Finite-time Lyapunov exponents (FTLEs) provide a powerful approach to compute time-varying analogs of invariant manifolds in unsteady fluid flow fields. These manifolds are useful to visualize the transport mechanisms of passive tracers advecting with the flow. However, many vehicles and mobile sensors are not passive, but are instead actuated according to some intelligent trajectory planning or control law; for example, model predictive control and reinforcement learning are often used to design energy-efficient trajectories in a dynamically changing background flow. In this work, we investigate the use of FTLE on such controlled agents to gain insight into optimal transport routes for navigation in known unsteady flows. We find that these controlled FTLE (cFTLE) coherent structures separate the flow field into different regions with similar costs of transport to the goal location. These separatrices are functions of the planning algorithm's hyper-parameters, such as the optimization time horizon and the cost of actuation. Computing the invariant sets and manifolds of active agent dynamics in dynamic flow fields is useful in the context of robust motion control, hyperparameter tuning, and determining safe and collision-free trajectories for autonomous systems.
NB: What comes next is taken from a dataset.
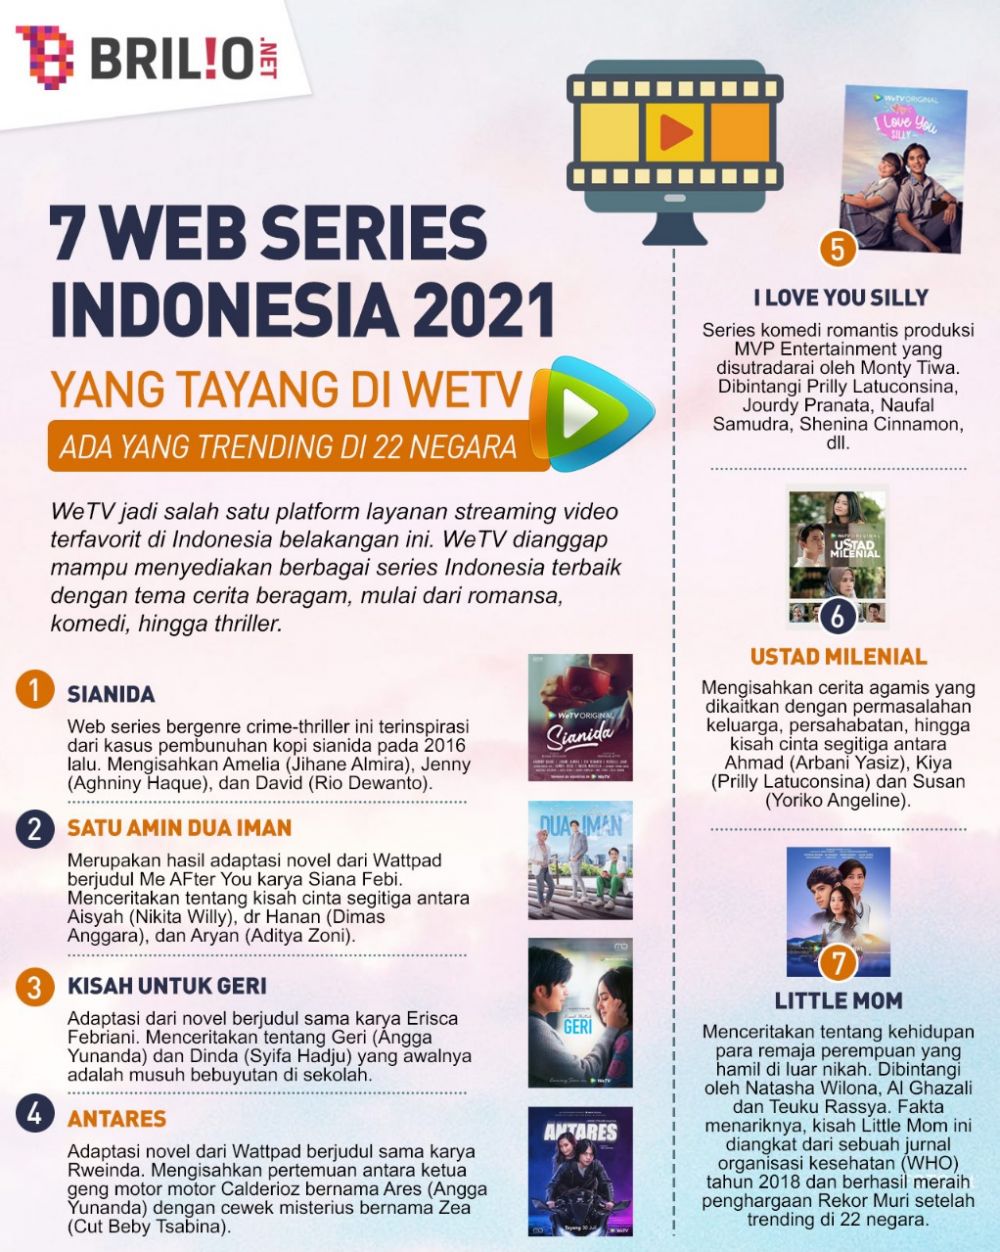 7 Web series Indonesia 2021 di WeTV, Little Mom trending 22 negara 
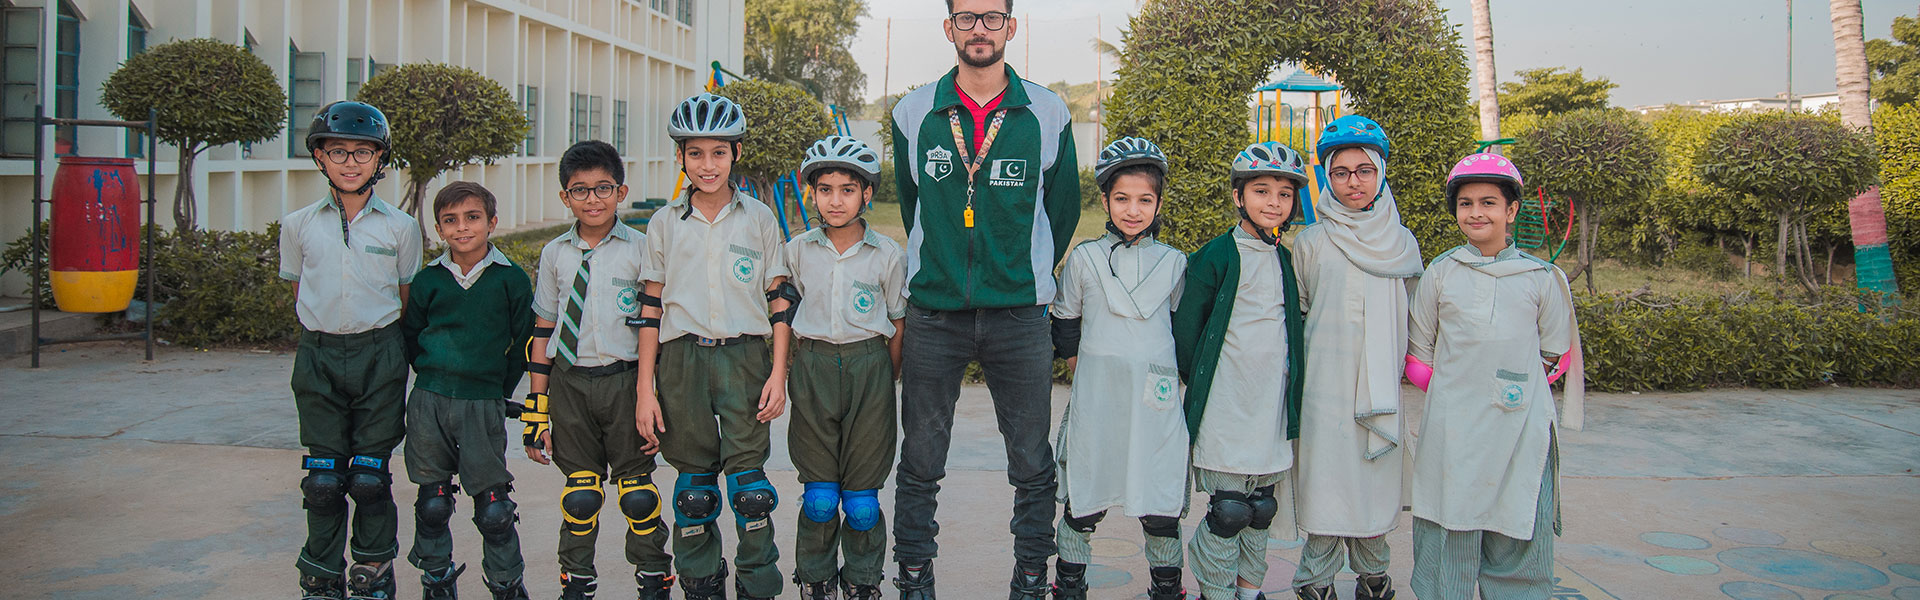 Pak School Uniform Xxx - The Aga Khan Schools in Pakistan - Aga Khan Schools

Moreover, these cFTLE structures provide insight into effective deployment locations for mobile agents with actuation and energy constraints to traverse the ocean or atmosphere.

翻译：有限时间李雅普诺夫指数（FTLE）提供了一种强有力的方法，用于计算非定常流场中不变流形的时变类似物。这些流形有助于可视化随流输运的被动示踪剂的传输机制。然而，许多运载器与移动传感器并非被动，而是依据某种智能轨迹规划或控制律进行驱动；例如，模型预测控制与强化学习常用于在动态变化背景流中设计节能轨迹。本文探究了将FTLE应用于此类受控智能体，以获取在已知非定常流中导航的最优输运路径的洞见。我们发现，这些受控FTLE（cFTLE）相干结构将流场划分为不同区域，每个区域具有到达目标位置相近的输运成本。这些分界线是规划算法超参数（如优化时域与驱动成本）的函数。在动态流场中计算主动智能体动力学的不变集与流形，对于自主系统鲁棒运动控制、超参数调优以及安全无碰撞轨迹确定具有重要意义。此外，这些cFTLE结构为具有驱动与能量约束的移动智能体穿越海洋或大气时，如何选择有效部署位置提供了洞见。